En resumen, la vieja y pequeña finca sinuana provista de productos de pancoger (yuca, plátano, ñame, batata), maíz, arroz, frutales, árboles maderables, animales domésticos, plantas aromáticas, medicinales, hortalizas y ornamentales está a punto de desaparecer por varios factores. Mientras, en los últimos años cogen fuerza y se expanden los monocultivos. Dentro de estos está la siembra de forestales, en especial las especies introducidas de teca, acacia mangium y gmelina; los transgénicos como el algodón y el maíz; los agroindustriales como el cacao y el caucho y los agrocombustibles como la caña de azúcar y la palma aceitera.
Los bosques naturales son cada vez menos y gran parte de los humedales (ciénagas, pantanos, bajos) están desecados o próximos a desaparecer. La parcela campesina está fraccionándose o siendo absorbida por las grandes propiedades dedicadas a la ganadería extensiva o a los monocultivos.
La seguridad alimentaria y la gastronomía típica sinuana pasan por un mal momento desde hace algunos años con la reducción o desaparición de algunos productos básicos y especímenes representativos de las culturas riana, de selva y cienaguera.

Zona discriminada
La zona costanera de Córdoba la conforman los municipios Los Córdobas, Puerto Escondido, Moñitos, San Bernardo del Viento y San Antero. En total son 124 kilómetros de playa y un territorio formado por planicies costeras, lomas bajas y áreas de colinas.
Su importancia es manifiesta: está situada en medio de los golfos de Urabá en Antioquia y Morrosquillo en Sucre, hace parte del área del Gran Urabá (integrado por los Urabá antioqueño, chocoano y cordobés) con gran potencial agropecuario, agroindustrial, industrial, turístico y en general exportador y su topografía e infraestructura no requiere de grandes inversiones para ser viable.
A pesar de tantas ventajas la zona es de las más pobres del departamento, tradicionalmente discriminada por ser el 75% de su población negra y olvidada por todos los gobiernos departamentales y nacionales.
El 75% del suelo está sembrado con pasto para ganadería extensiva y en los cultivos sobresale el plátano, la mayor actividad económica generadora de empleo y seguridad alimentaria con un mínimo apoyo estatal para una explotación adecuada y rentable. Le siguen en orden el maíz, yuca, arroz y coco.
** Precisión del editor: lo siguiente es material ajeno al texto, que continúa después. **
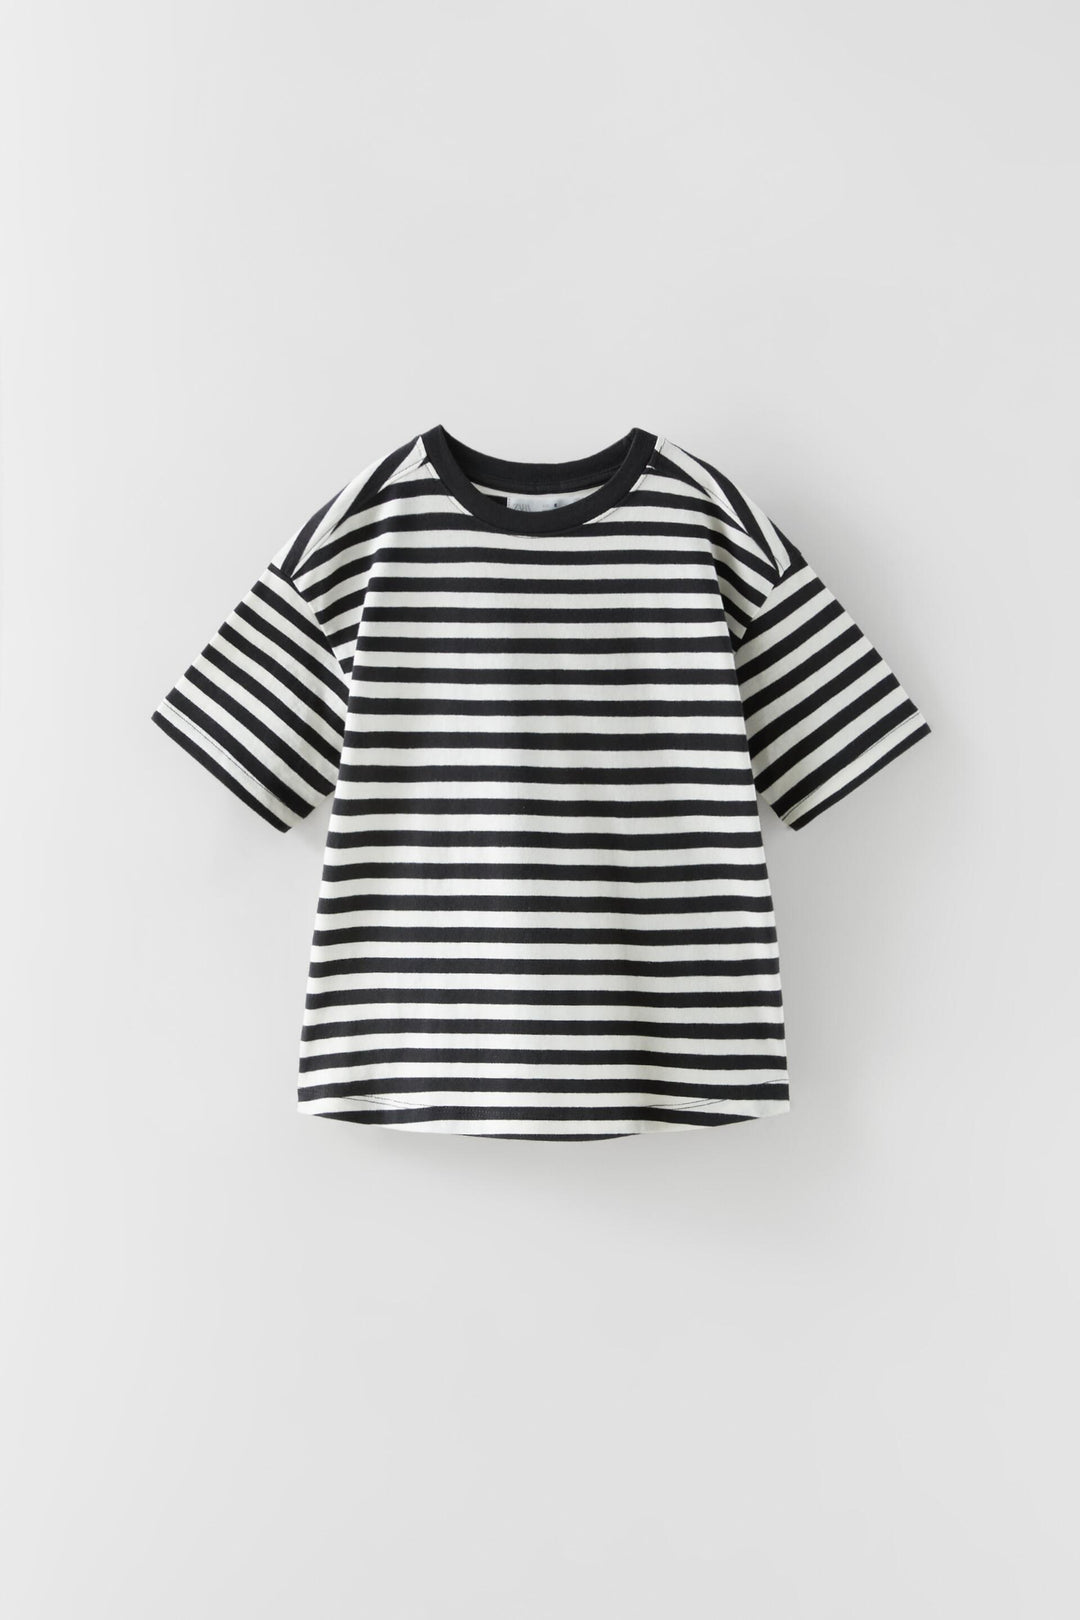 T-Shirt marque_Zara, genre_Garçon, Enfant Moudda Tunisie1

En la pesca marina artesanal se destacan la sierra, róbalo, barbudo, tiburón, mero, chino, ronco, jurel, cojinúa, barracuda, pargo rojo, saltona, medregal, bacalao y raya.
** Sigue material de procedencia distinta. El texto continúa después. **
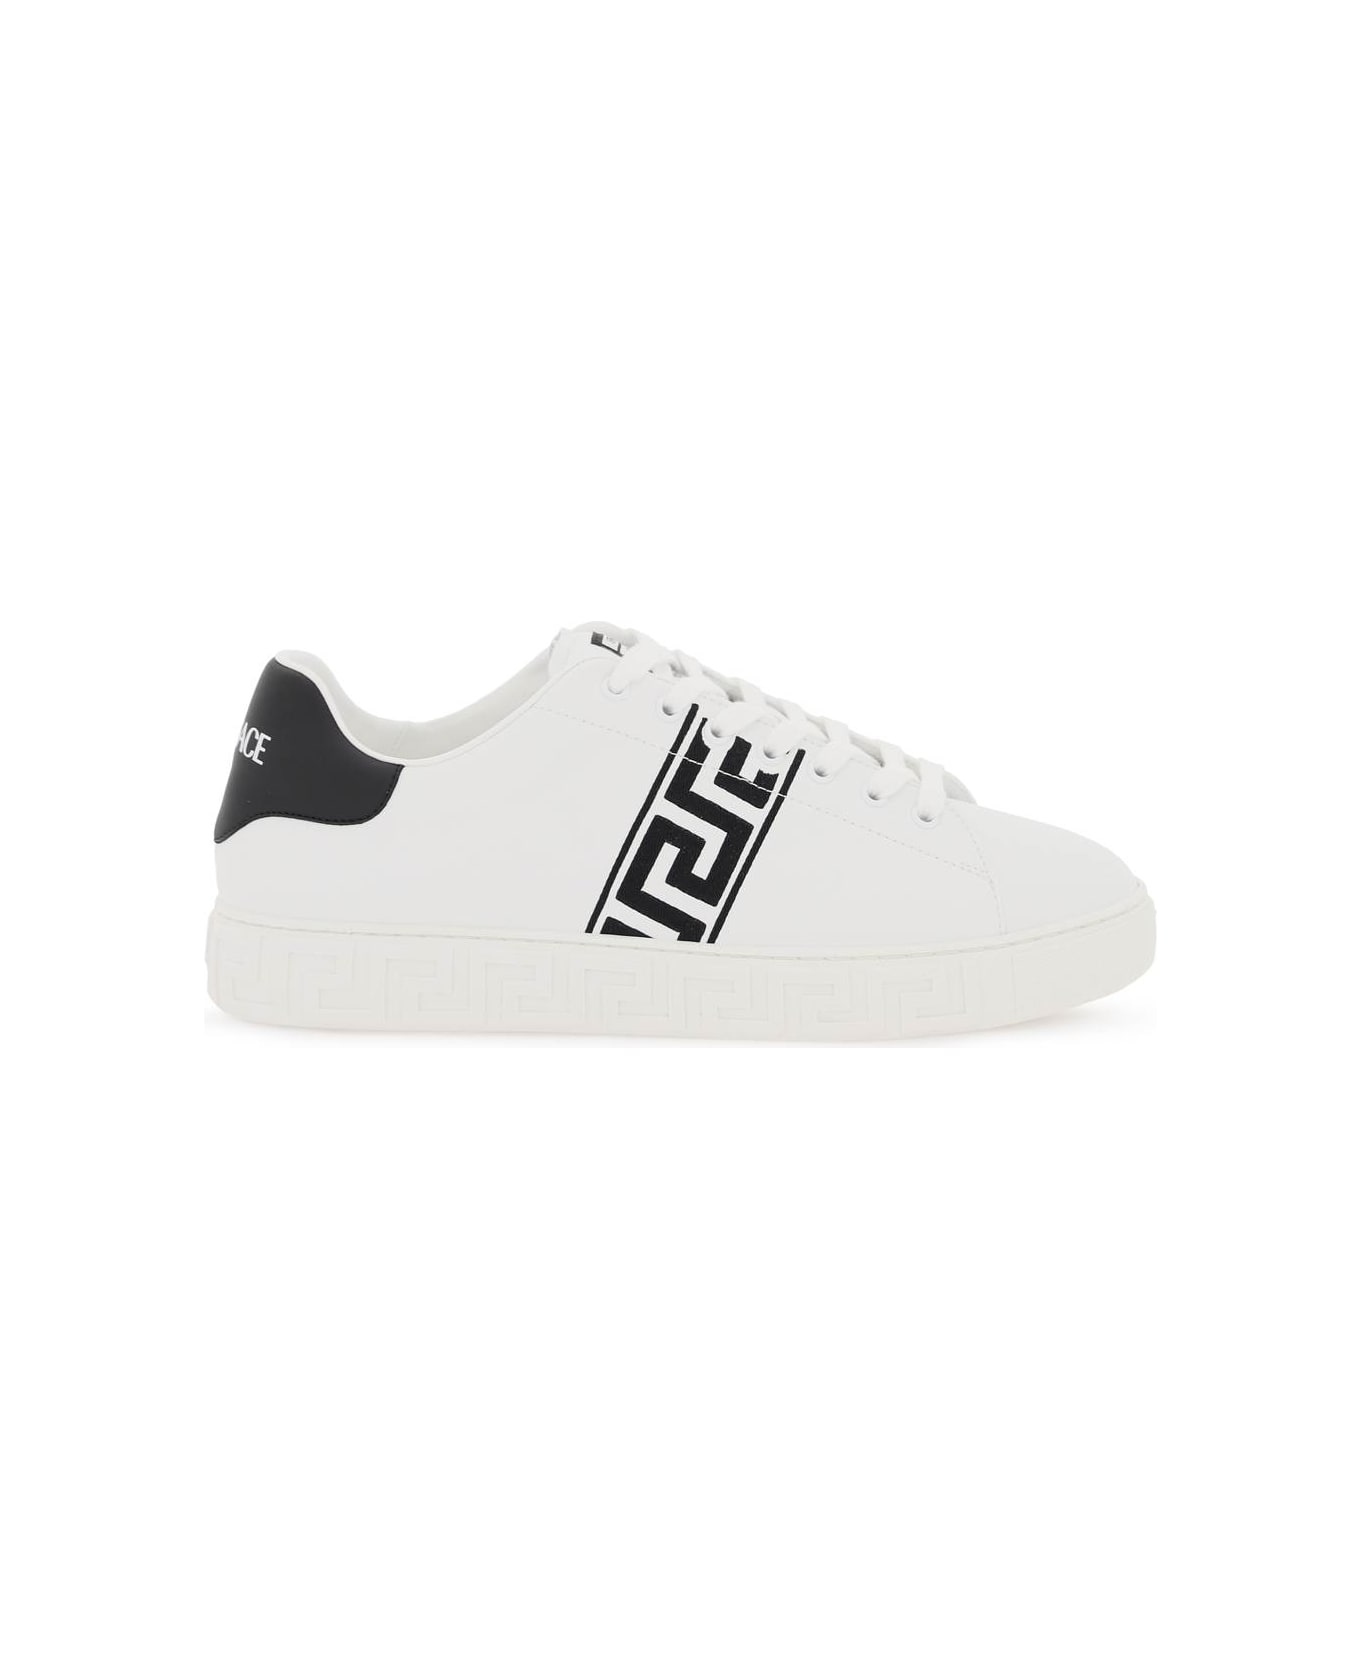 Versace Low Top Sneakers - White

La principal fuente hidrográfica es el río Canalete, le siguen otros más pequeños como Broqueles, Córdoba y Mangle, además de caños, arroyos, quebradas y el complejo cenagoso estuarino en la desembocadura del río Sinú. Estos recursos han permitido el desarrollo de un turismo incipiente con ausencia de servicios básicos. A ellos se les suman volcanes de lodo, cercanía a las islas Tortuguilla, Fuerte y San Bernardo y realización de festivales como el bullerengue y las fiestas del mar.
En la zona funcionó la Asociación de municipios del Caribe. Durante 11 años (1991-2002) fue la mejor experiencia en materia de asociación de municipios. Su plan de desarrollo fue ejemplo de desarrollo integral, visión futurista, participación ciudadana y gestión eficiente. Contenía, entre otros, la adecuación y construcción del eje carreteable que uniría toda la zona; capacitación, tecnificación y comercialización de la pesca marina artesanal, maricultura y acuicultura; construcción de un puerto de cabotaje; comercialización y manejo empresarial de la producción agrícola; elaboración de concentrados para la alimentación de especies menores; procesamiento de alimentos marinos poco comerciales; constitución de empresas dedicadas a la comercialización de frutas y hortalizas; recuperación de las fuentes de agua y organización de los juegos del Caribe cordobés.
Todo este potencial está amenazado desde hace algunos años por los grupos armados ilegales, viejos y nuevos, que han convertido la zona en área de conflicto sin posibilidad de solución a corto plazo.